THE DATA

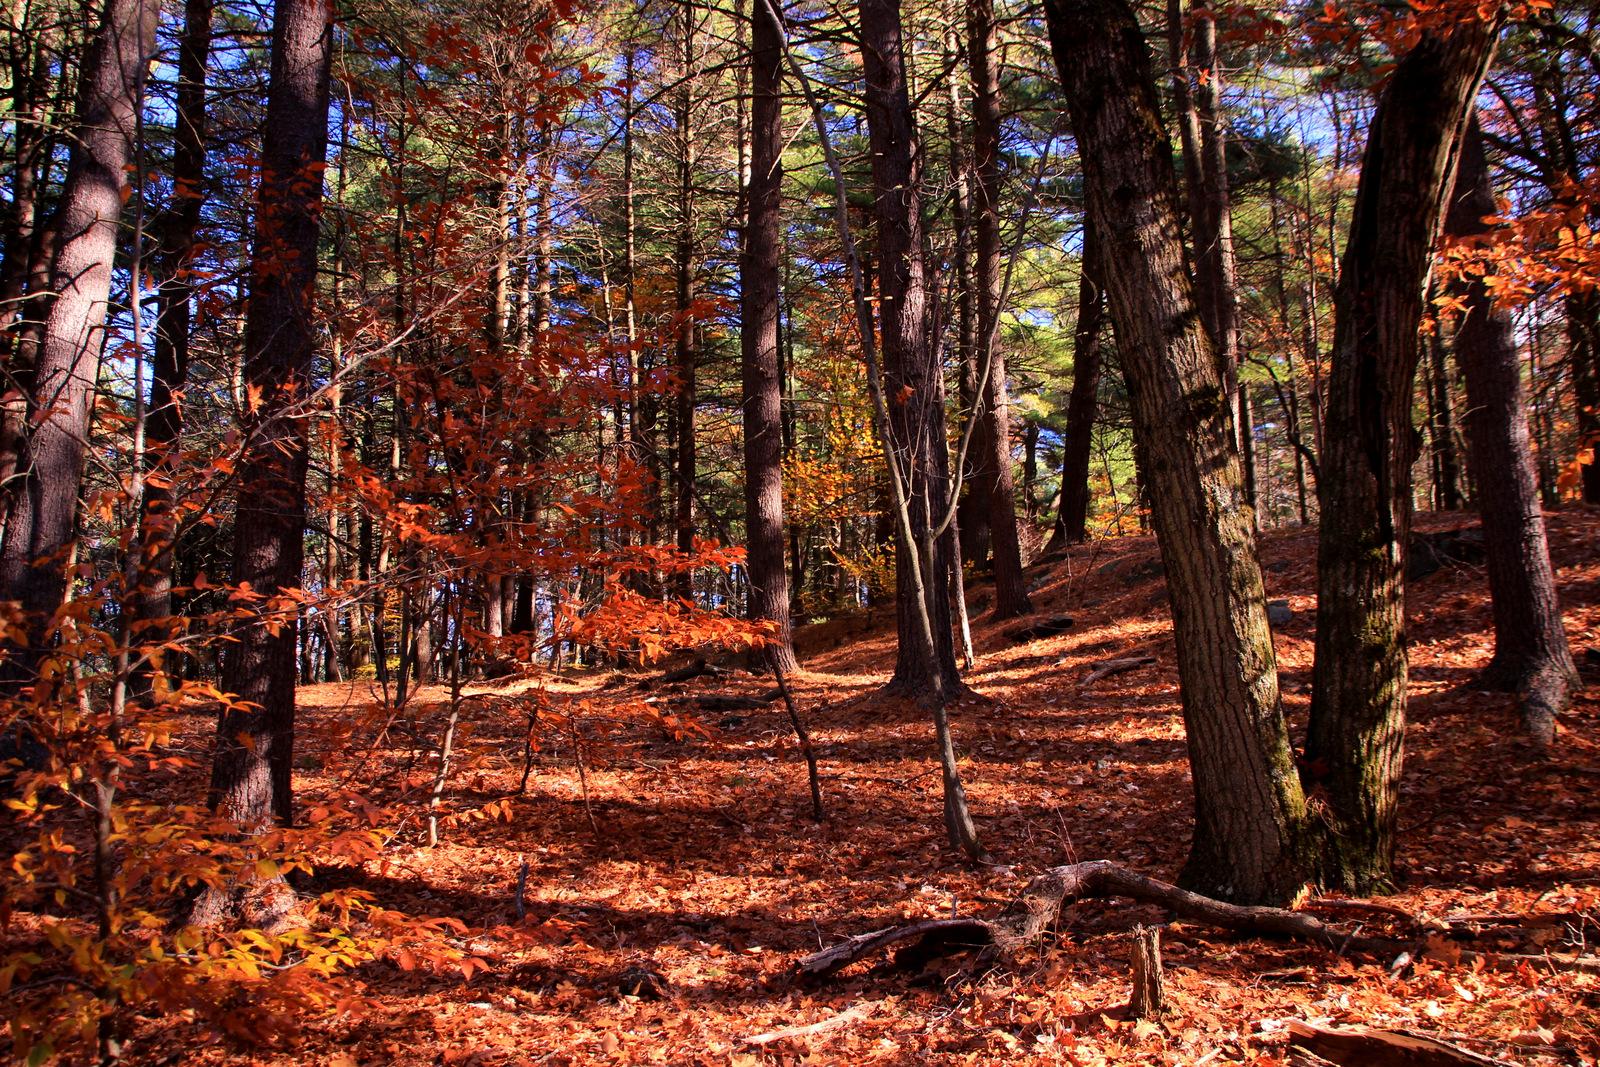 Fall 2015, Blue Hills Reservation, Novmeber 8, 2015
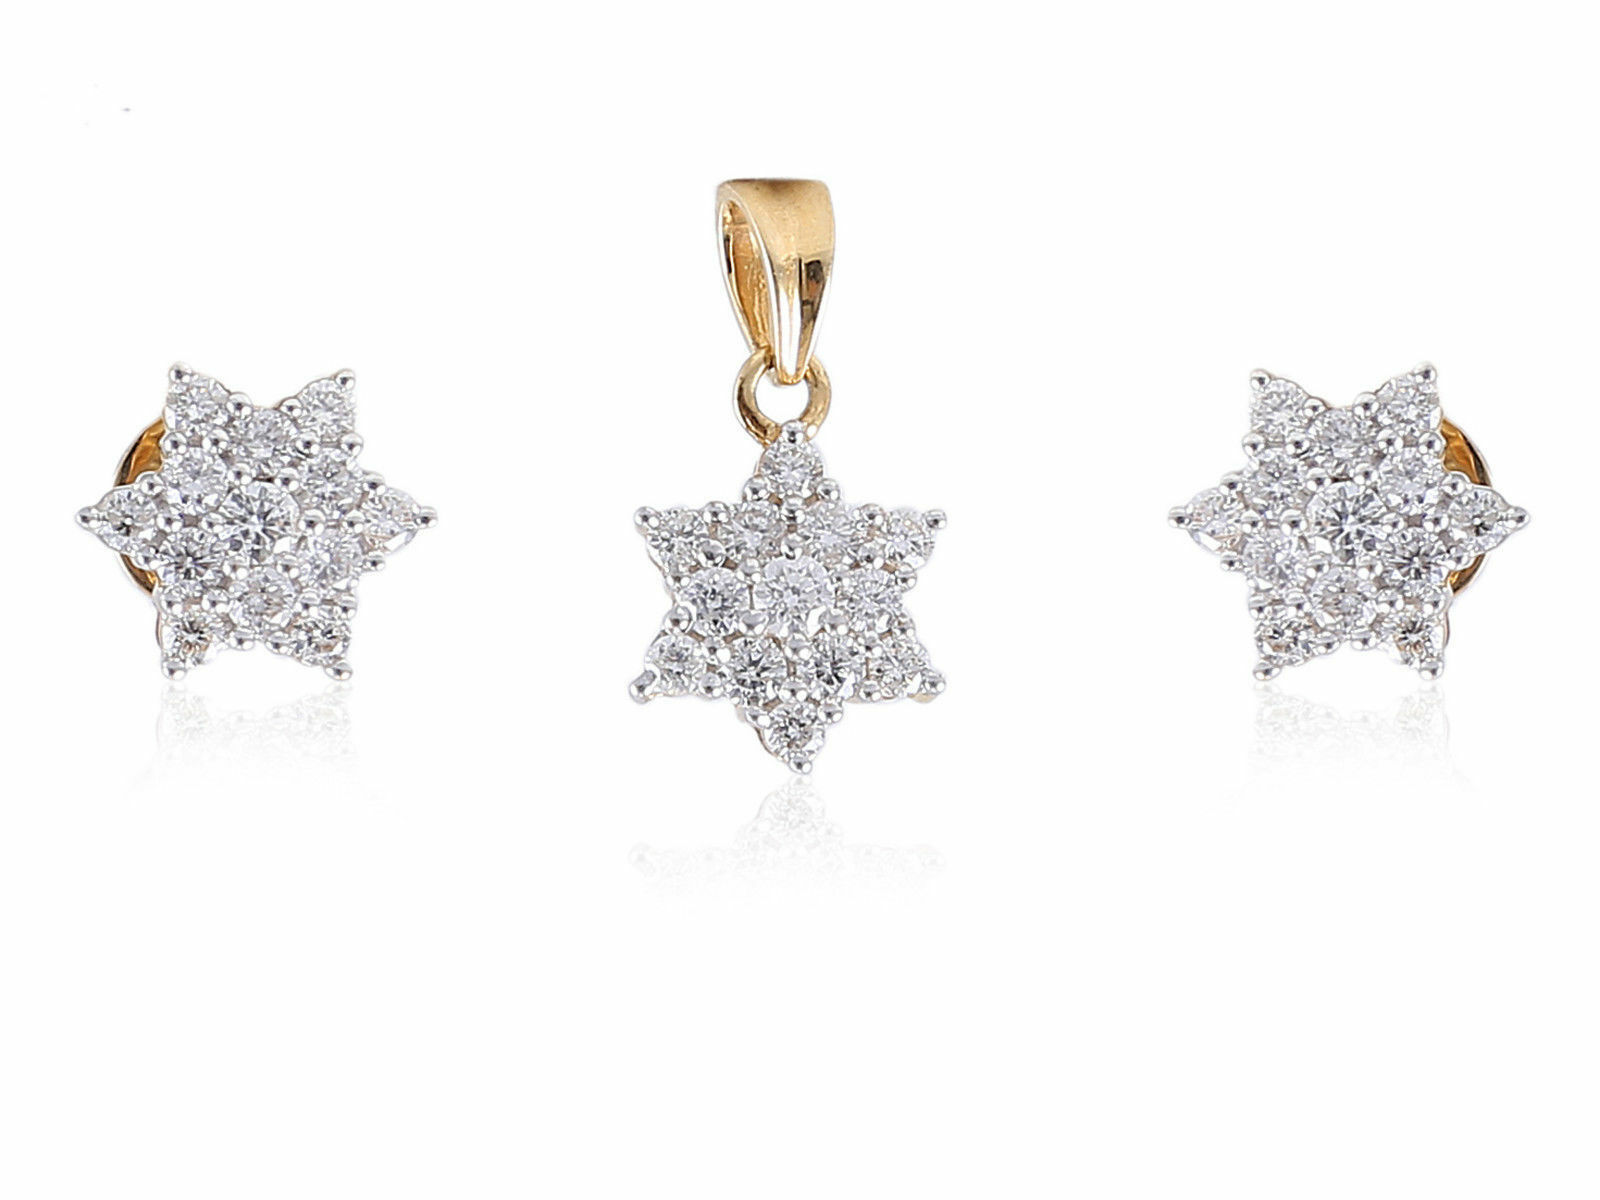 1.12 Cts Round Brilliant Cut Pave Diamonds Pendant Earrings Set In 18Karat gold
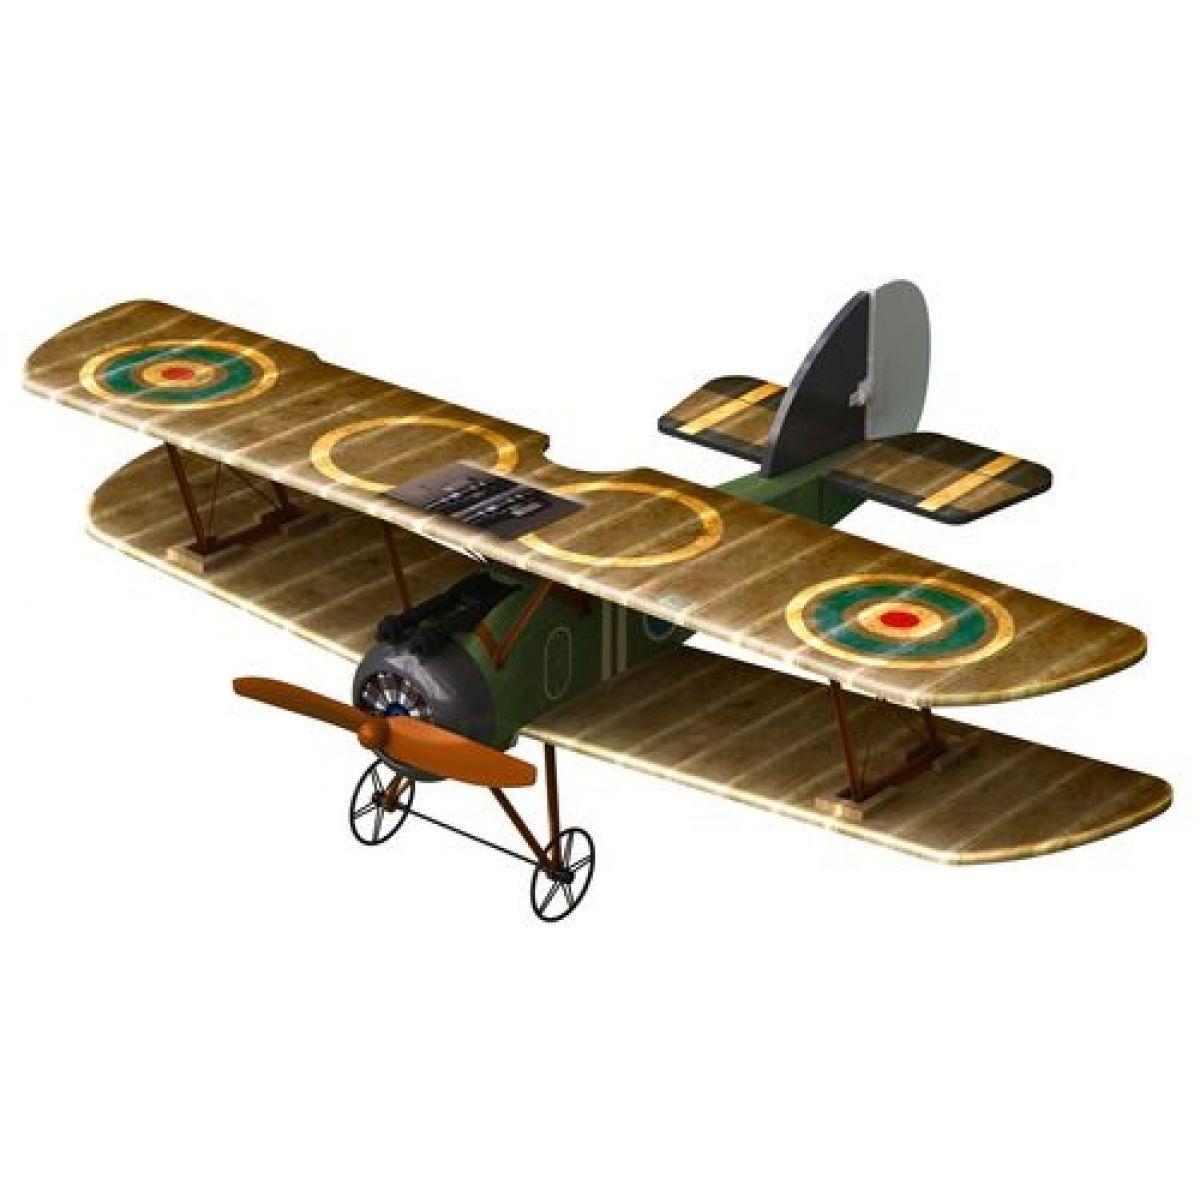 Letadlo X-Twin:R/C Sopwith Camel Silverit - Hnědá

DIRECTIONS
Set the material above down again word for word. Include none of its pictures.

YOUR SOLUTION
 Fall 2015, Blue Hills Reservation, Novmeber 8, 2015
 1.12 Cts Round Brilliant Cut Pave Diamonds Pendant Earrings Set In 18Karat gold
 Letadlo X-Twin:R/C Sopwith Camel Silverit - Hnědá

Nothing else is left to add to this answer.